Mrs. Dorcas Godwin – My husband, Godwin Thomas, a fish farmer and I were in the village when suddenly we heard gunshots all around us. He quickly instructed me to carry our two children and run through one route while he followed another route because we did not actually know where the invaders were coming through.
While I was able to escape through the path I took, my husband was not so lucky as he ran into the invaders and was killed. Sadly, we have not seen his corpse till today. That is how a marriage of seven years was brought to an end by the Fulani herdsmen.
Mrs.

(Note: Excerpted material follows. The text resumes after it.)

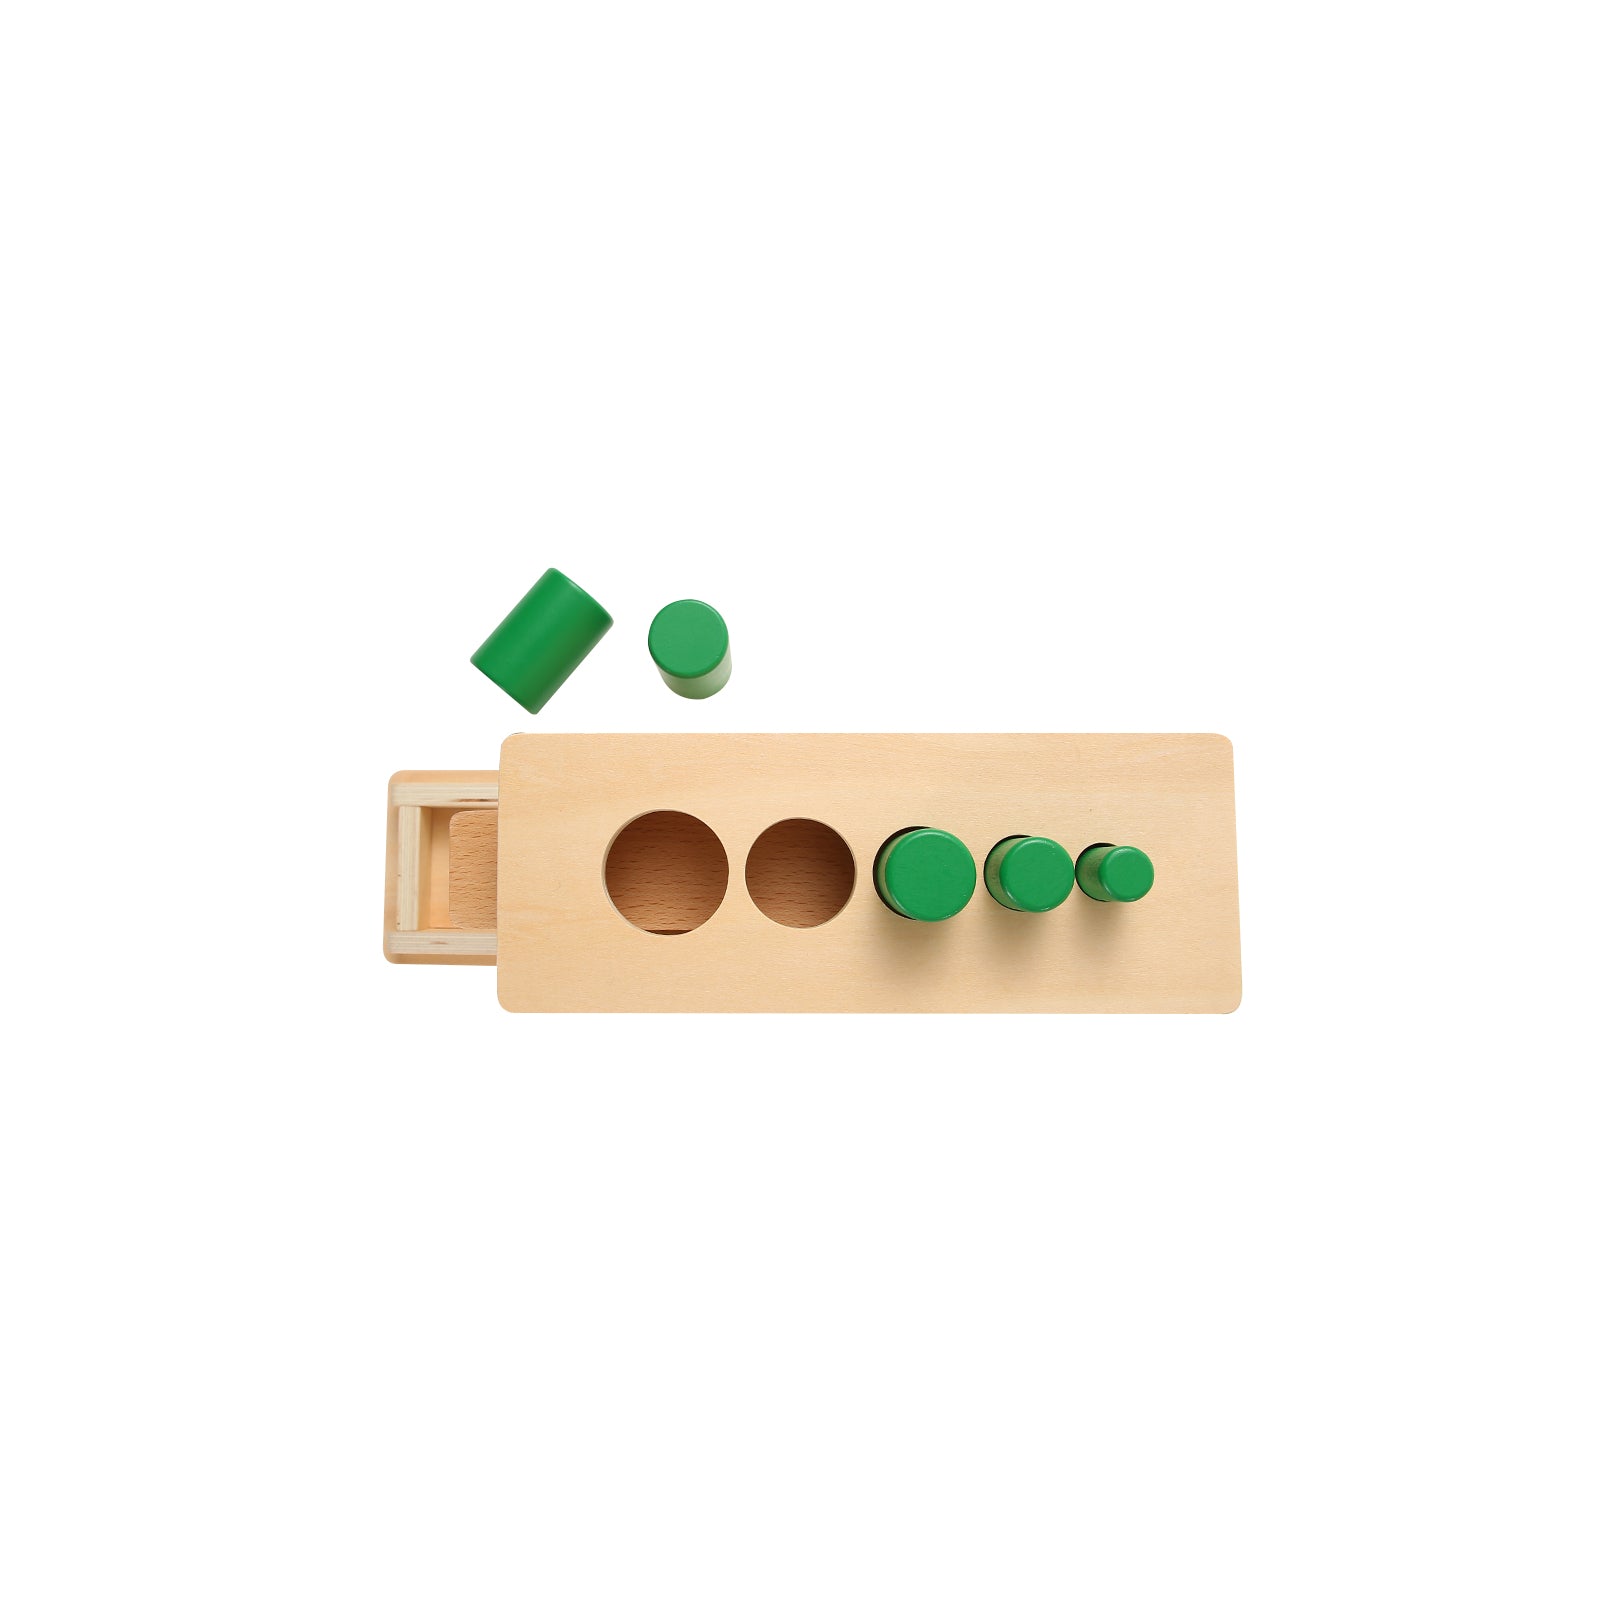 Montessori plug-in game cylinder, plug-in box for five different cylinders, wooden toys, Montessori sensory material

Sophia Dole, widow of Dole Benjamin narrated: we were running away from the Fulanis when suddenly he bumped into them and was killed immediately. I ran several kilometres with our eight month old baby from Abugbe to Odugbeho. The Fulani burnt our drug store. After I escaped to Odugbeho, someone helped to pay my fare to Makurdi.
My husband was a quiet person who never laid his hands on me for one day. He was killed three weeks ago but up till now, we have not been able recover his corpse for burial. I don’t have anywhere to go if this camp is closed today.
According to Mrs. Dorcas Oluma; “I was married to Eheda, a commercial motorcycle rider in 2006 and our marriage is blessed with three children with the first child about four years old and the last about a year old. We ran from Abugbe to Odugbeho but he had to go back to pick something with his okada in our village.
He was on his way back to Odugbeho when he was killed. His corpse was recovered three weeks later. Everyday of my life, I think about my husband because he was everything to me. I am a trader and don’t know how I would be able to train our children because my husband provided everything. That is why I am calling on well meaning Nigerians to come to my aid.”
Narrating her own ordeal, Veronica Danjuma said: “I lost my husband, my 21 year old son and my sister in the hands of the Fulani herdsmen who invaded our Okokolo village recently. We were running away when the Fulanis kept shooting sporadically and in the process, killed my husband, my son and my sister. I narrowly escaped being killed too.
My husband’s corpse was discovered a day after, my sister’s own four days later while my son’s corpse is yet to be found. I trekked for hours from Okokolo to Ugbokpo in Apa before finding my way down to Makurdi. I had six children but one has been killed by Fulani.
Meanwhile, Emmanuel Onah, Camp Coordinator Agatu IDP Makurdi Camp said over 2,000 IDPs were currently taking refuge in the Makurdi camp. While commending the State Emergency Management Agency (SEMA) for providing food and other relief materials such as mats, mattresses, buckets, basins among other things, he however noted that water and health facility remained a big challenge in the camp.
Onah who also debunked allegations making the rounds that most of the people come only to get food and go explained that the camp comprised of those from the riverine areas of Agatu like Adana, Imeyin, Abughgbe, Olegeje, Olegede, Ocholyan, Akpeko, Adogbeche, Inahe, Ologba and so on, whose communities had been taken over by the Fulani invaders even as he urged other well meaning Nigerians to come to their aid.